We met during our senior year of college. Career day. He stood in line for Global Com, Inc. while I stood in line for Williams Kane Ltd. Both were international conglomerates with jobs for every major imaginable. Felix and I ended up next to each other as we waited. It seemed rude not to acknowledge each other, so we exchanged recommendations about where to apply and warnings about who to stay away from. It was the most normal conversation. At that stage in my life, normal was what I needed.

At one point he said, ‘We’re lucky to be born when we were.’

‘Why’s that?’

‘We don’t have to stay at the same company forever. Five years, max. If it’s really terrible, it’s perfectly acceptable to leave after two. Anything less than that …’ Felix shrugged, as if to say you were screwed. Spending less than two years at a job might mean you’re a flake. Or you’re trouble.

‘That’s true,’ I said. ‘We are lucky.’

Neither of us got jobs that day. Instead, we both ended up at the largest conglomerate of all, International United, but in different departments, of course. No corporation would allow married couples to work side by side, not if they want to stay in business.

Felix emerges from the bathroom already dried off, wearing boxers and a Miami Dolphins T-shirt. We’re not big on football but we don’t hate it.

‘Your turn,’ he says.

Not much hot water, if there was ever any. When I come out of the bathroom, Felix is sprawled out on one of the beds. Not the one I was lying on.

‘My legs hurt from being in the car all day,’ he says. ‘You mind if we each take a bed?’

‘That’s fine. They’re small anyway.’

‘Yeah, compared to ours.’

I sit down on my bed and pull up the alarm on my phone. ‘Should we walk in the morning?’ I say.


I set it for seven.

‘How are you feeling?’ Felix says.


‘I mean about seeing Eddie and Portia. Been a while.’

It has. None of us live in the same area. Eddie and Krista live on Dauphin Island, Alabama, just south of Mobile – the other side of the state from our current location. Felix and I live in Woodview, Florida, while Portia went to Tulane in New Orleans and still lives there. None of us live in Atlanta, but we grew up there. It’s where our last trip started.

For the Morgan siblings, separation is the best form of togetherness.

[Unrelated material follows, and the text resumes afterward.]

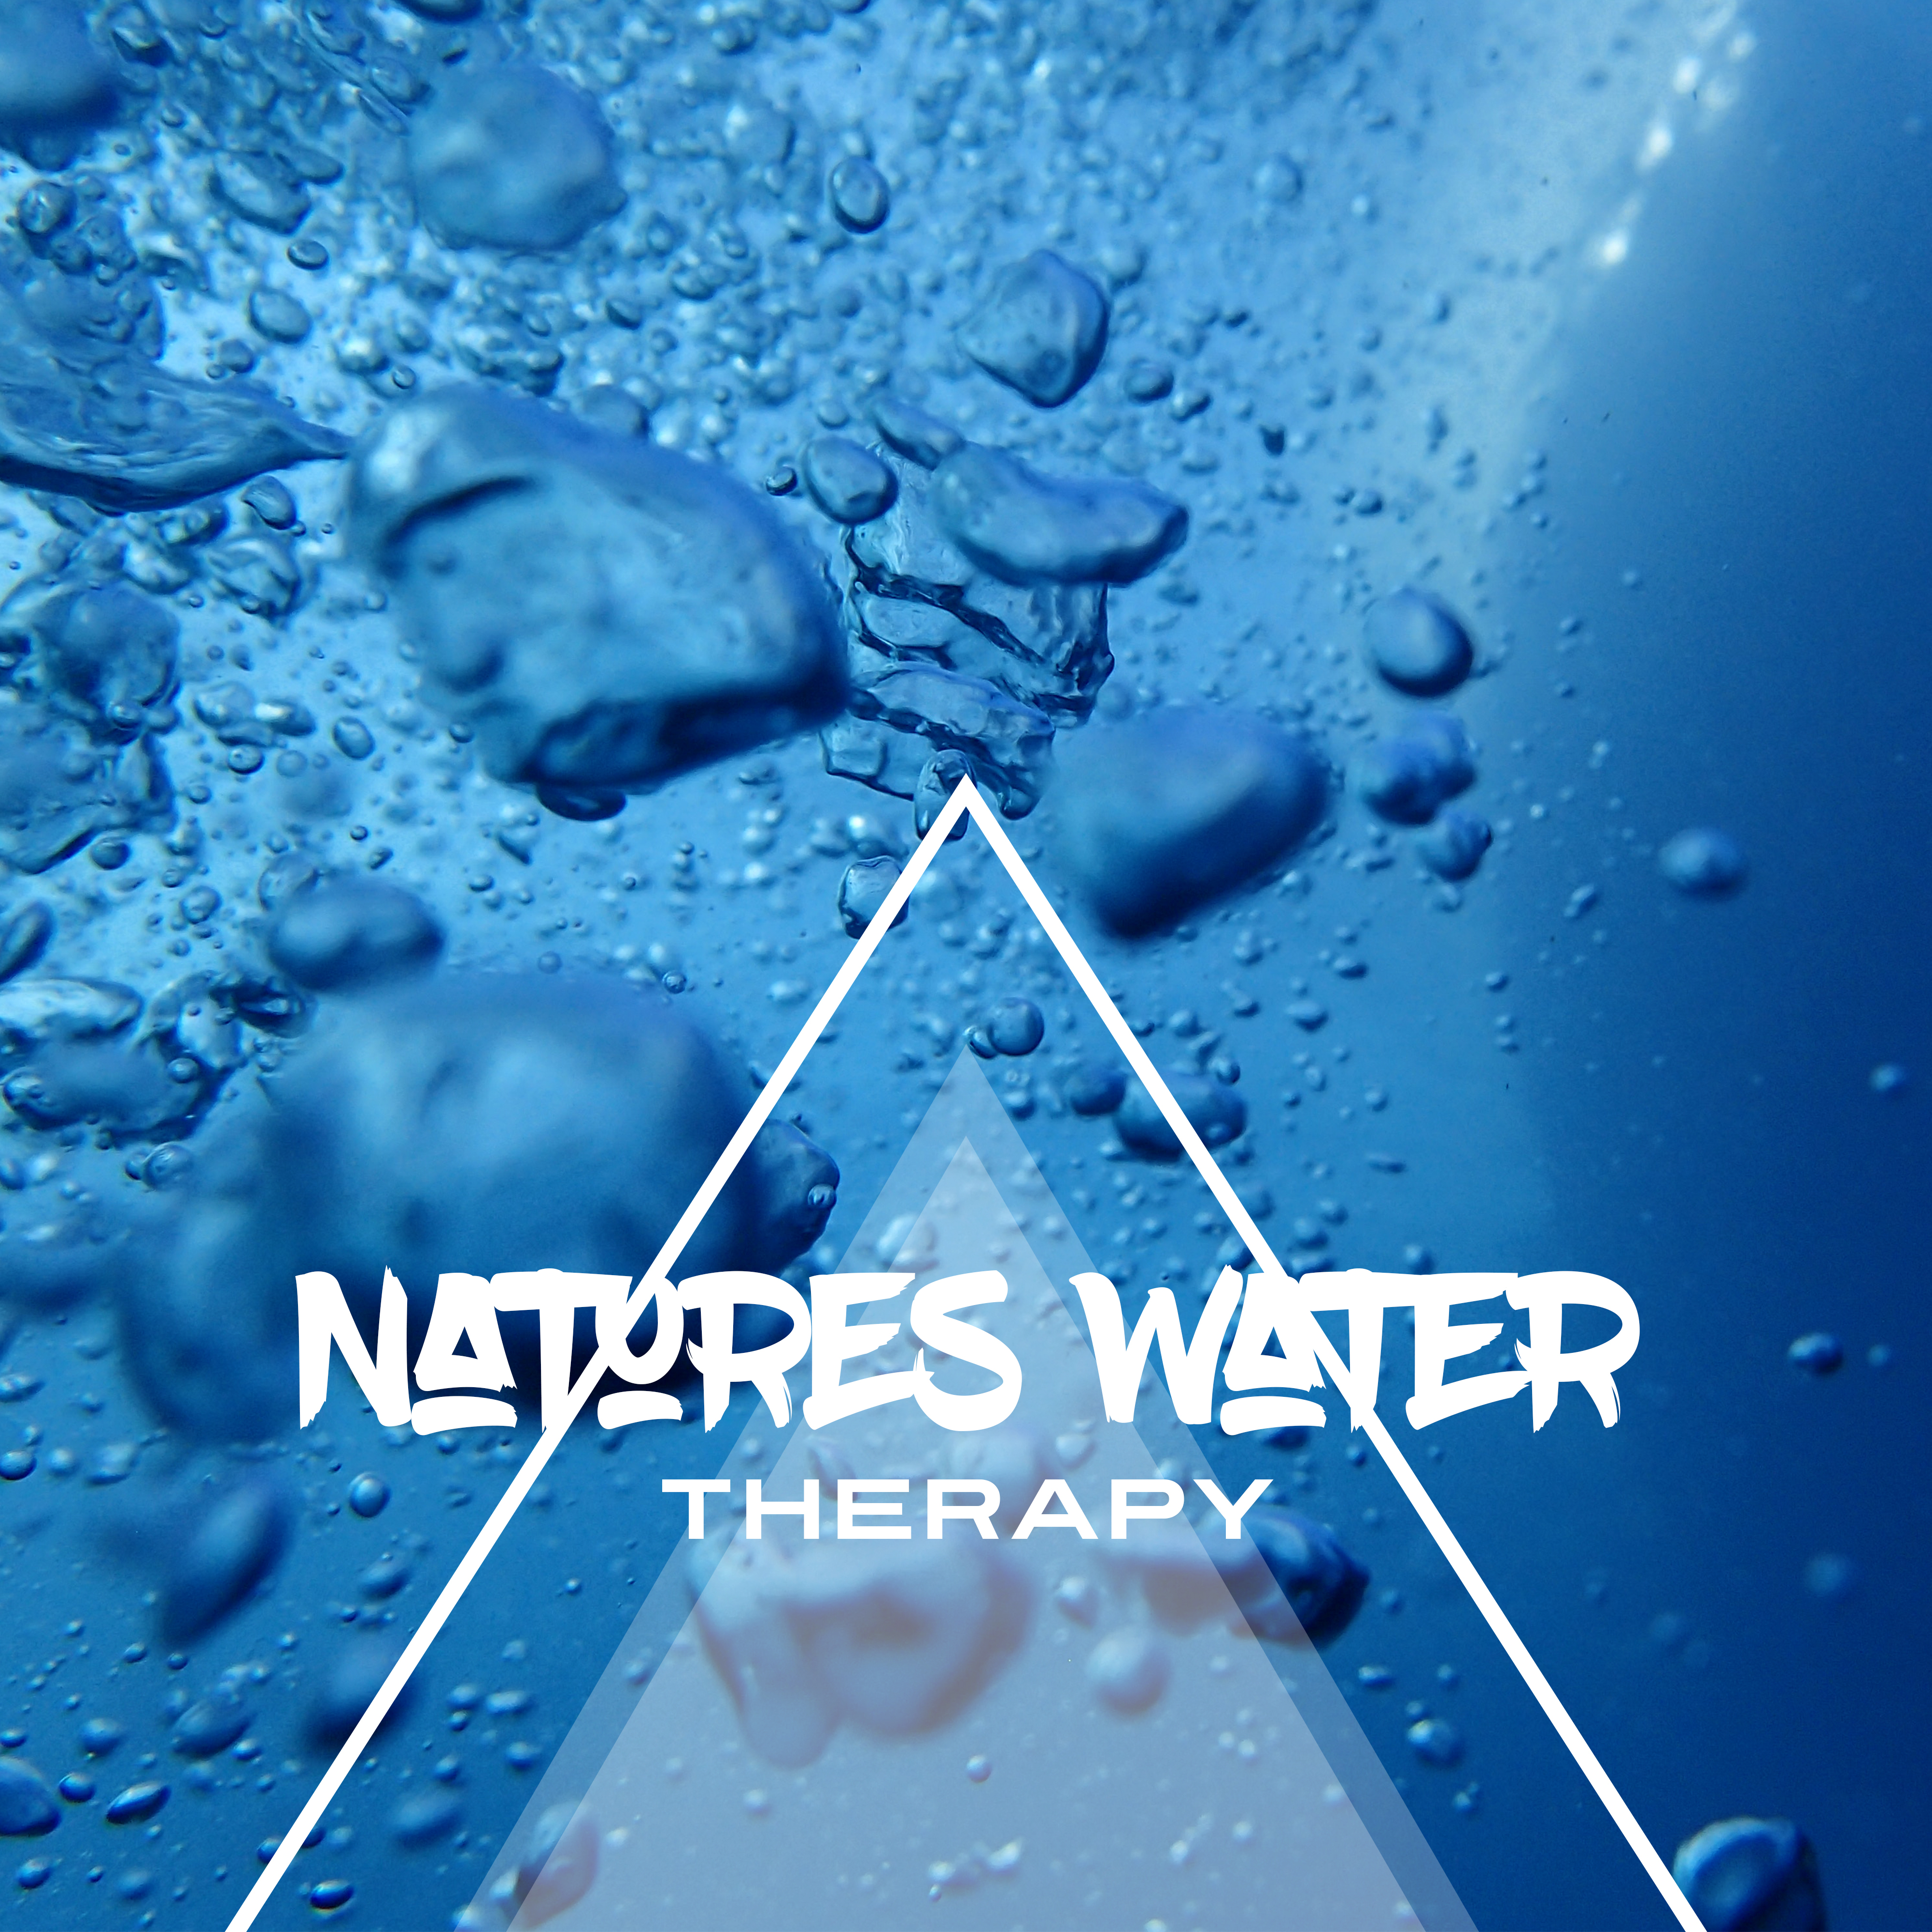 Natures Water Therapy

The last time we were all together was a few years ago, when Portia graduated from college. Two days in the same city and we spent about eight hours together, all of it intoxicated. Portia insisted we try the hurricane, the mint julep, and the Pimm’s cup. Dangerous on their own, lethal together.

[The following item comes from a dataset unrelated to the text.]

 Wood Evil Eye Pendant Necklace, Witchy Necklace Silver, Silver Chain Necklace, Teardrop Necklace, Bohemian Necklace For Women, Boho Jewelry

Grandpa wasn’t there. None of us had seen him in years.

This was back when Eddie was still with Tracy, the girlfriend he used to live with. He hadn’t met Krista yet. I liked Tracy. She was smarter than my brother and told him that a lot. He even seemed to like it.

I remember being at a bar uptown, near the university, on the night before graduation. It was hot as hell and I wore a tank top with a print skirt. Tracy wore a fancy sundress that showed off her arms. They were ridiculously toned.